The invention has the beneficial effects that:
the invention has the advantages and beneficial effects that the steel-lead laminated frame cylinder, the trapezoid rubber plate and the T-shaped edge sealing plate are connected through a plurality of steel pipes, the wood wallboard and the steel-lead laminated frame cylinder are fixedly connected through the bolt component, the fixing clamping piece is additionally arranged, the integrity and the linkage of the wood joist are enhanced, the shock resistance is excellent, the trapezoid rubber plate is arranged in the steel-lead laminated frame cylinder, the steel-lead laminated frame cylinder can be protected from being greatly deformed, and the combined energy consumption can be realized.
Drawings
FIG. 1 is a top cross-sectional view of a steel lead laminate frame cylinder and rubber plate combination energy dissipating wood joist of the present invention.
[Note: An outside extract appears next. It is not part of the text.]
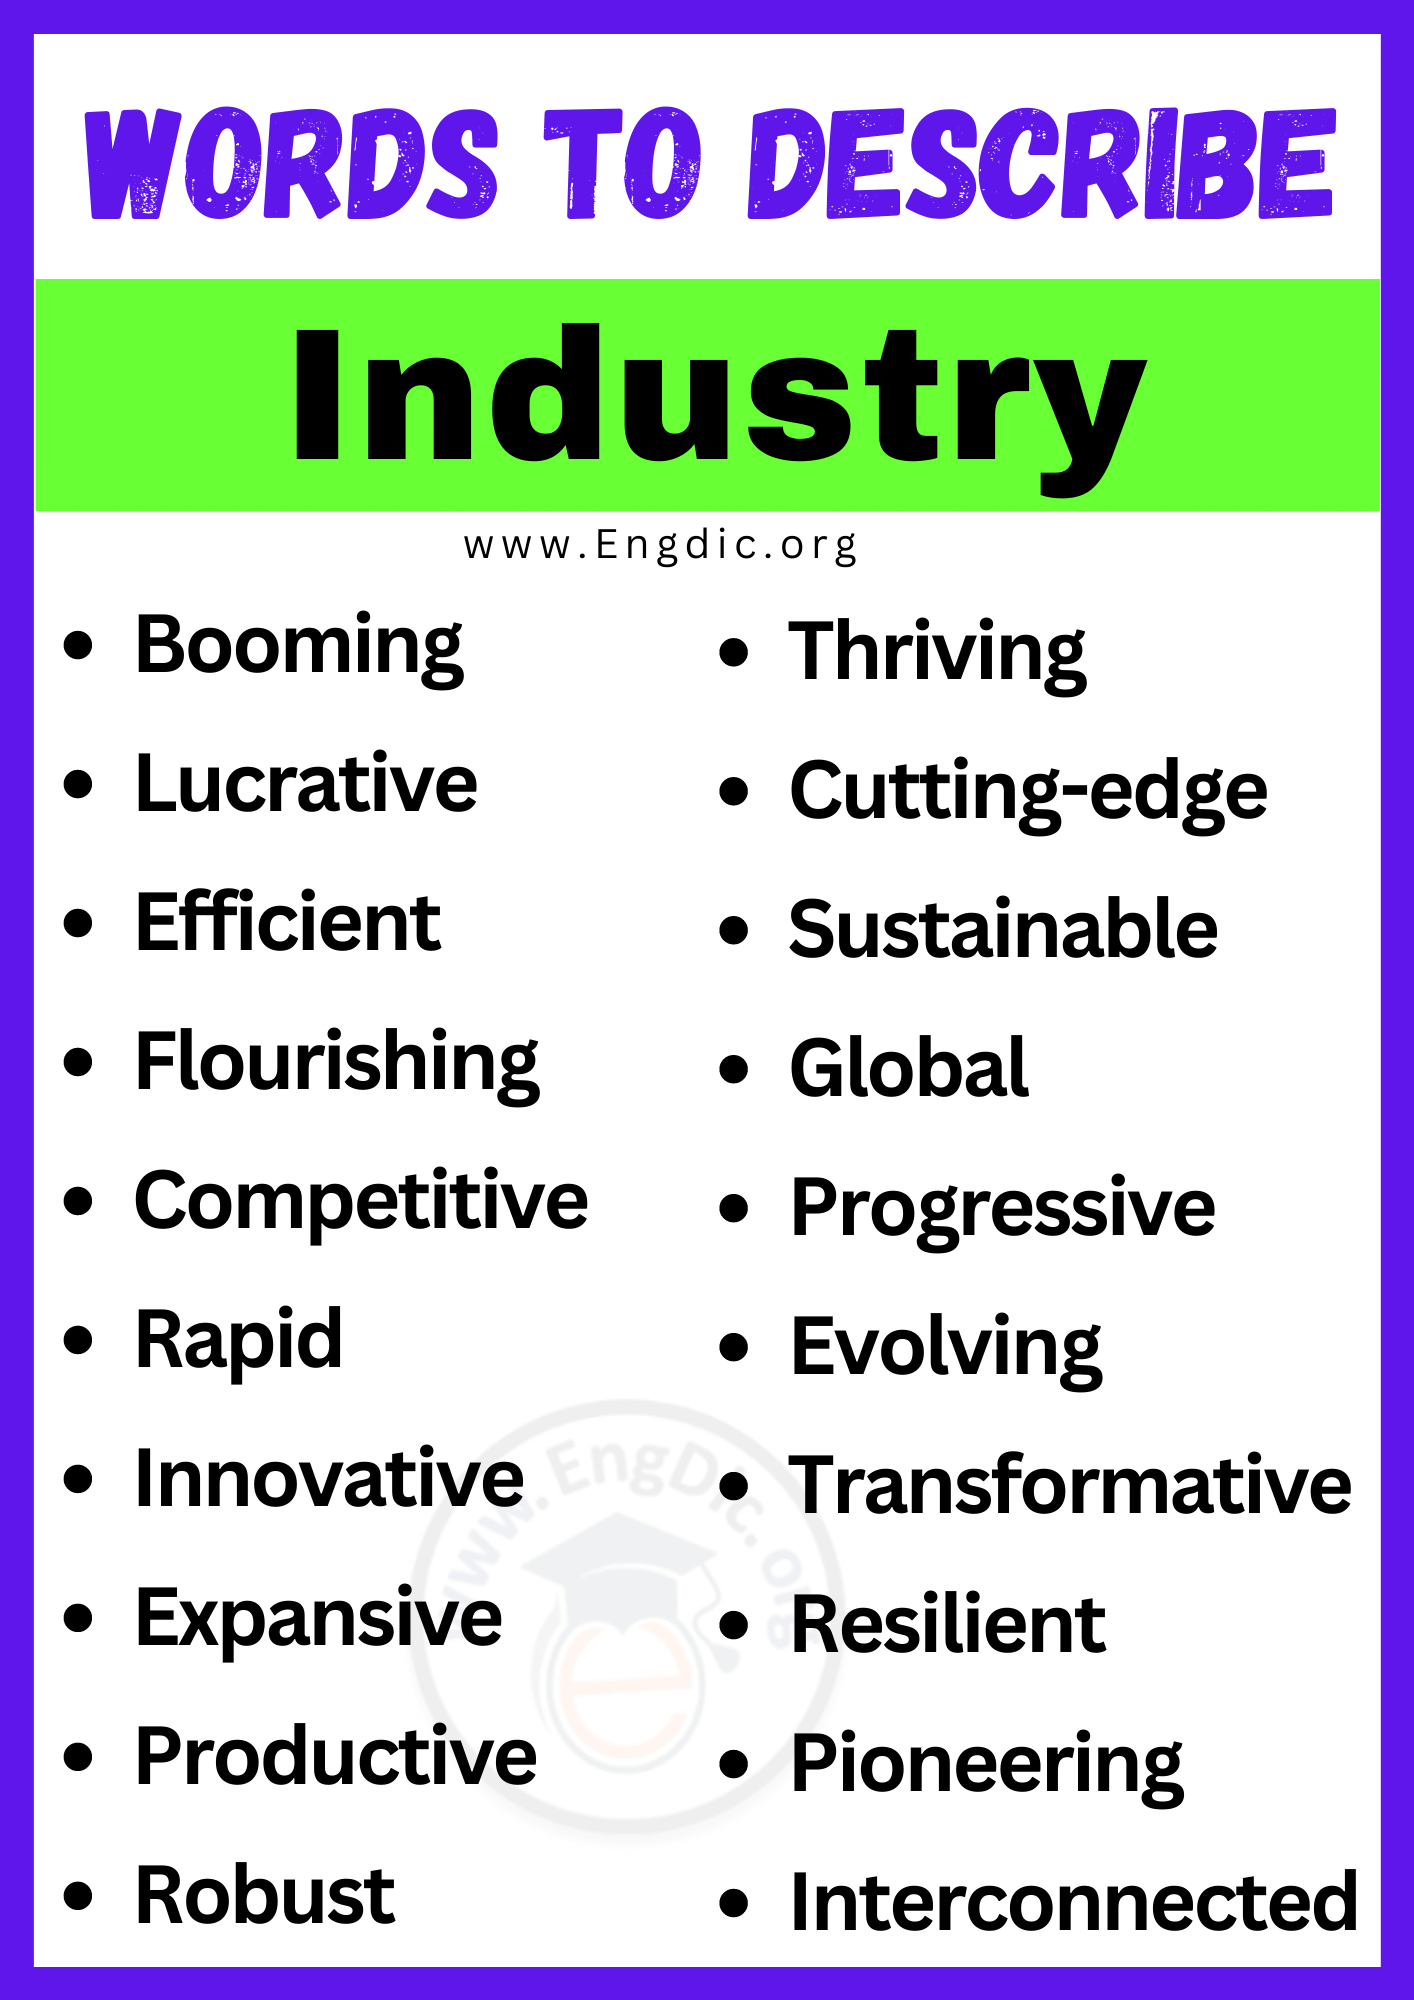 Words to Describe Industry

FIG. 2 is a schematic cross-sectional view A-A of FIG. 1 showing a steel lead laminate frame cylinder and rubber plate combined energy-dissipating wood joist according to the present invention.
FIG. 3 is a front view of a steel lead laminate frame and rubber plate combination energy dissipating wood joist according to the present invention.
FIG. 4 is a schematic diagram of a wood wallboard with a steel-lead laminate frame and rubber plate combined energy-dissipating wood joist according to the present invention.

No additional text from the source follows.